The invention discloses an extreme drought accurate prediction method and system. Training the LSTM network model by utilizing the decomposition result, and taking the trained LSTM network model as a drought prediction model, so as to realize the prediction of drought; the system comprises a data processing module, a model training module and a model analysis module; the method solves the problems that in the prior art, local characteristics are not extracted from the drought index SPI time sequence obtained according to precipitation data, and single model is directly used for prediction, so that the data is low in predictability and easy to generate local optimum, and the effect of accurately predicting drought is difficult to achieve.

Description

Extreme drought accurate prediction method and system
Technical Field
The invention relates to the field of urban meteorological disaster early warning, in particular to an extreme drought accurate prediction method and system.
Background
Precipitation is one of the main factors affecting drought occurrence, and quantitative prediction of drought based on precipitation is one of the ways to achieve accurate prediction. However, since precipitation data has nonlinear characteristics and varies in different areas and time, it is difficult to directly use precipitation for comparison and feature learning between different scales. Therefore, in related studies of drought prediction, the extent, duration and extent of influence of drought are generally quantitatively assessed using drought index.
On the basis of quantitative evaluation of drought based on drought index, a model is usually required to be constructed and trained to select an optimal model for predicting drought occurrence, and in the prior art, an ARIMA model or an ANN model is used for predicting drought conditions. However, the drought index SPI time sequence obtained by the two models according to the precipitation data has non-stable and nonlinear characteristics, and the partial characteristics of the sequence are not extracted to enable the sequence to be stable, so that the data has low predictability, the problem of partial optimal easily occurs, and the effect of accurately predicting drought is difficult to achieve.
Disclosure of Invention
The invention aims to: the invention aims to provide an extreme drought accurate prediction method and an extreme drought accurate prediction system which can predict drought conditions with high accuracy.

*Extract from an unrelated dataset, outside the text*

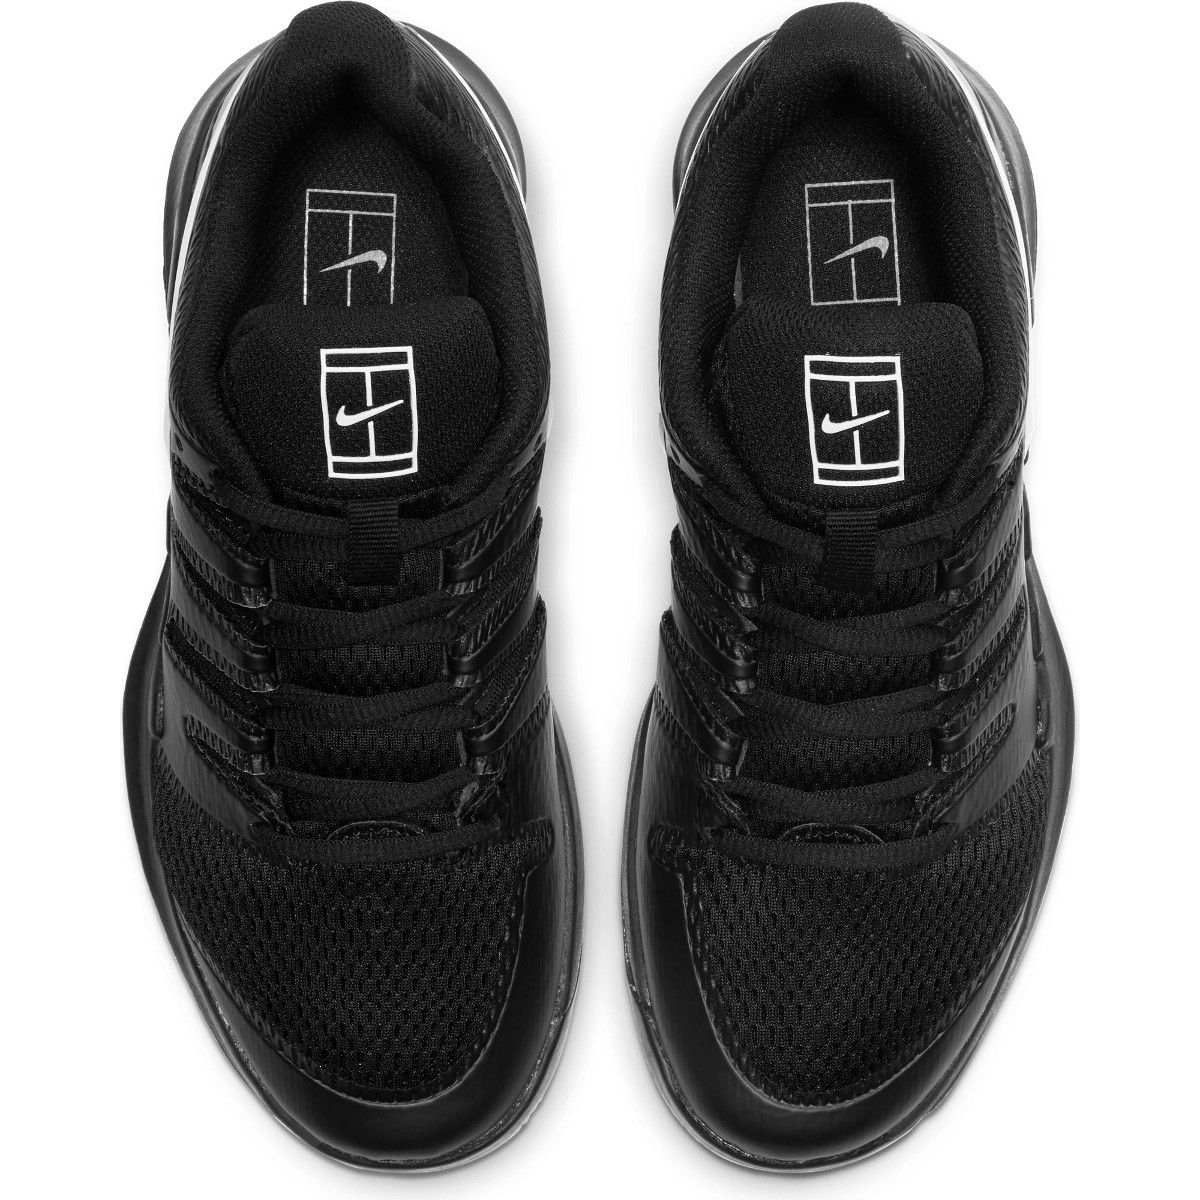 NikeCourt Vapor X Junior Tennis Shoes AR8851-009

The technical scheme is as follows: in order to achieve the above purpose, the method for accurately predicting extreme drought according to the present invention comprises the following steps:
step S1: acquiring daily precipitation data of a target area;
step S2: for precipitation data, calculating SPI time sequences B of different time scales based on a drought index SPI, and dividing the SPI time sequences B into a training set and a testing set;
step S3: decomposing the SPI time sequence B in the training set and the testing set by using a complementary integrated empirical mode CEEMD decomposition method to respectively obtain IMF components and trend items;
step S4: training the LSTM network model by using IMF components and trend items in the training set to obtain a drought prediction model;
step S5: predicting IMF components and trend items in the test set by using a drought prediction model;
step S6: and analyzing the prediction result.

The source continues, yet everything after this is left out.